There was a question on whether lender-paid MI is deductible for the mortgage lender or borrower.  The group concluded that it would not be deductible for the borrower because the borrower did not make the payments and not deductible for mortgage companies since the act applies to individual taxpayers with qualifying residences. 

Reporting to the IRS  

An important question was whether servicers will be asked to report to the IRS or asked only to report to borrowers.  All favored reporting only to borrowers.  The law appears not to require reporting to the IRS unless the Secretary of the Treasury issues regulations calling for such reporting.   Since this is a temporary deduction, MBA’s position should be to object to reporting to the IRS for this year, or until such deduction is permanent.

Applicability to VA and RHS

There was discussion about whether the law applies to VA and RHS guarantees.   The law references mortgage insurance provided by VA and RHS, but those entities do not offer insurance but rather provide guarantees.  The industry believes that the spirit of the law covers these guarantees, but the agencies are currently seeking IRS opinions on the matter. 

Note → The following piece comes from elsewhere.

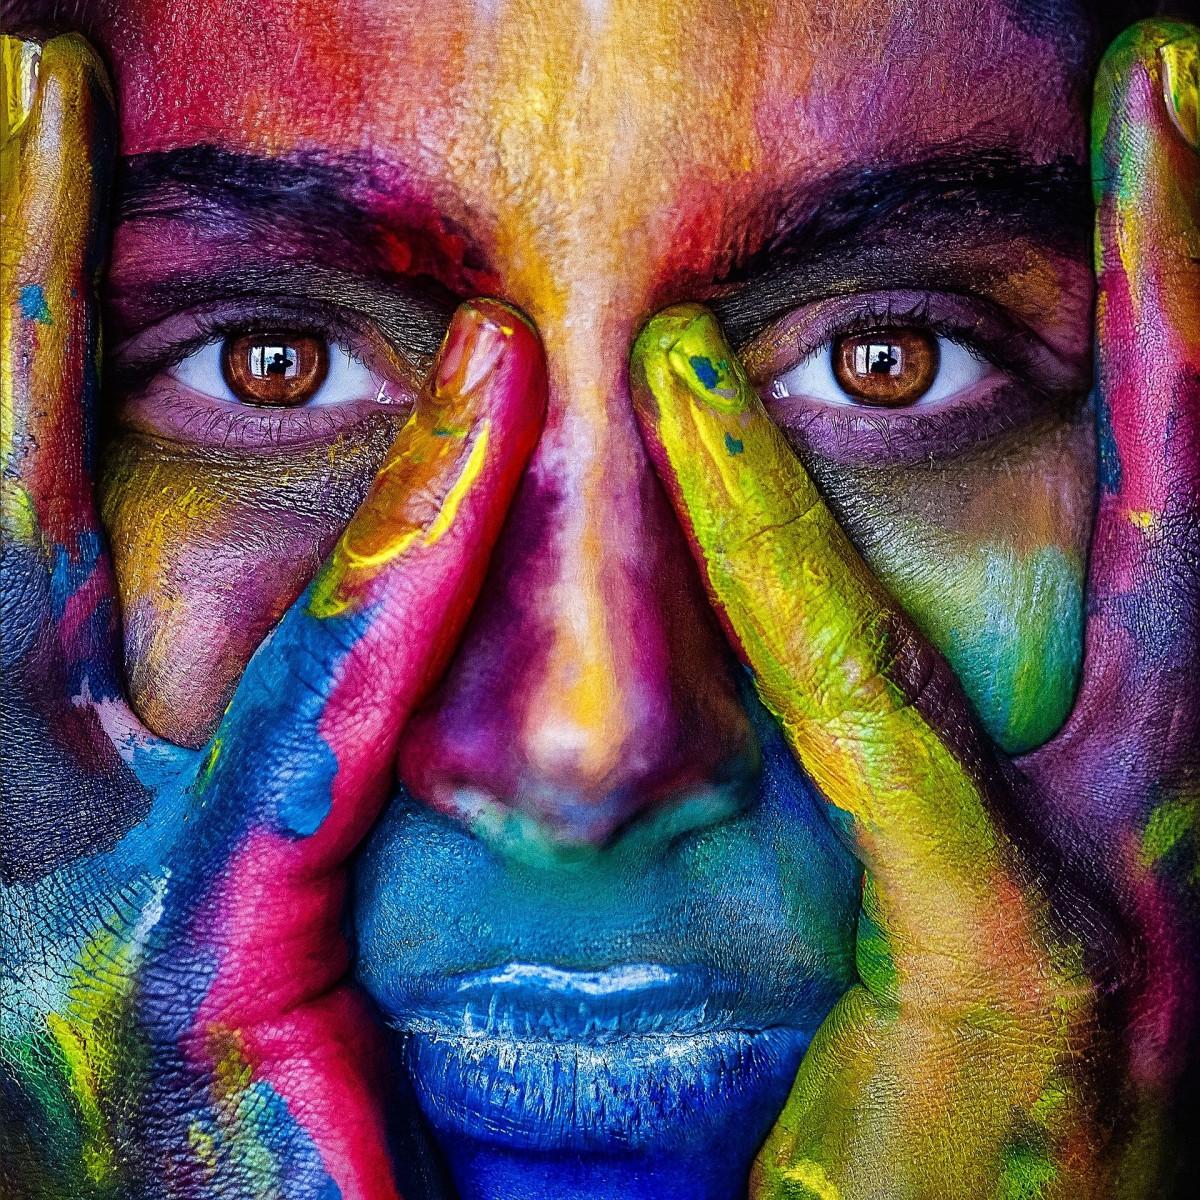 Пазл Собирать пазлы онлайн - Разноцветное лицо

Treatment of FHA insurance and allocations

Another unfortunate provision of the law states that only those premiums allocable to the 2007 year are deductible.   An exception from this allocation is made for VA and RHS “insurance”.    The exclusion of FHA from this exemption means that only part of the upfront MIP can be allocated to 2007.  Lenders do not know how to calculate this.  Servicers want MBA to support allowing full deductibility of FHA’s upfront MIP in the year of origination.  Alternatively, servicers recommend a 3-year amortization of the upfront premium to coincide with FHA’s MIP refund policy.   FHA refunds originally were subject to a 7-year factor, then reduced to 5 years and now refunds are available only for 3 years from origination and only when the borrower refinances into another FHA loan.  

Refunds 

On a related note, several servicers raised the issue of how to handle PMI and FHA refunds.  One lender stated that when the loan prepays with single-premium insurance, the borrower may be entitled to a partial refund.  Another lender indicated that in FHA streamline refinances the premium refund gets applied to the new loan.  Servicers expressed concern that they do not know how to treat such refunds and credits and will have a hard time properly accounting for them in this context.  There was a belief by some that servicers will only need to account for refunds if the IRS issues regulations requiring it.   This is unclear. 

Other

There was a question as to whether there are borrowers with monthly MI premiums that are not escrowed – possibly supporting the argument that MIs are in a better position to report.  The group indicated the number would be very small if there are any. The meeting concluded with a description of the phase out provision and a consensus opinion that servicers would only report the gross amount of premiums paid to the MIs.  The borrower would have to determine his/her phase-out responsibility.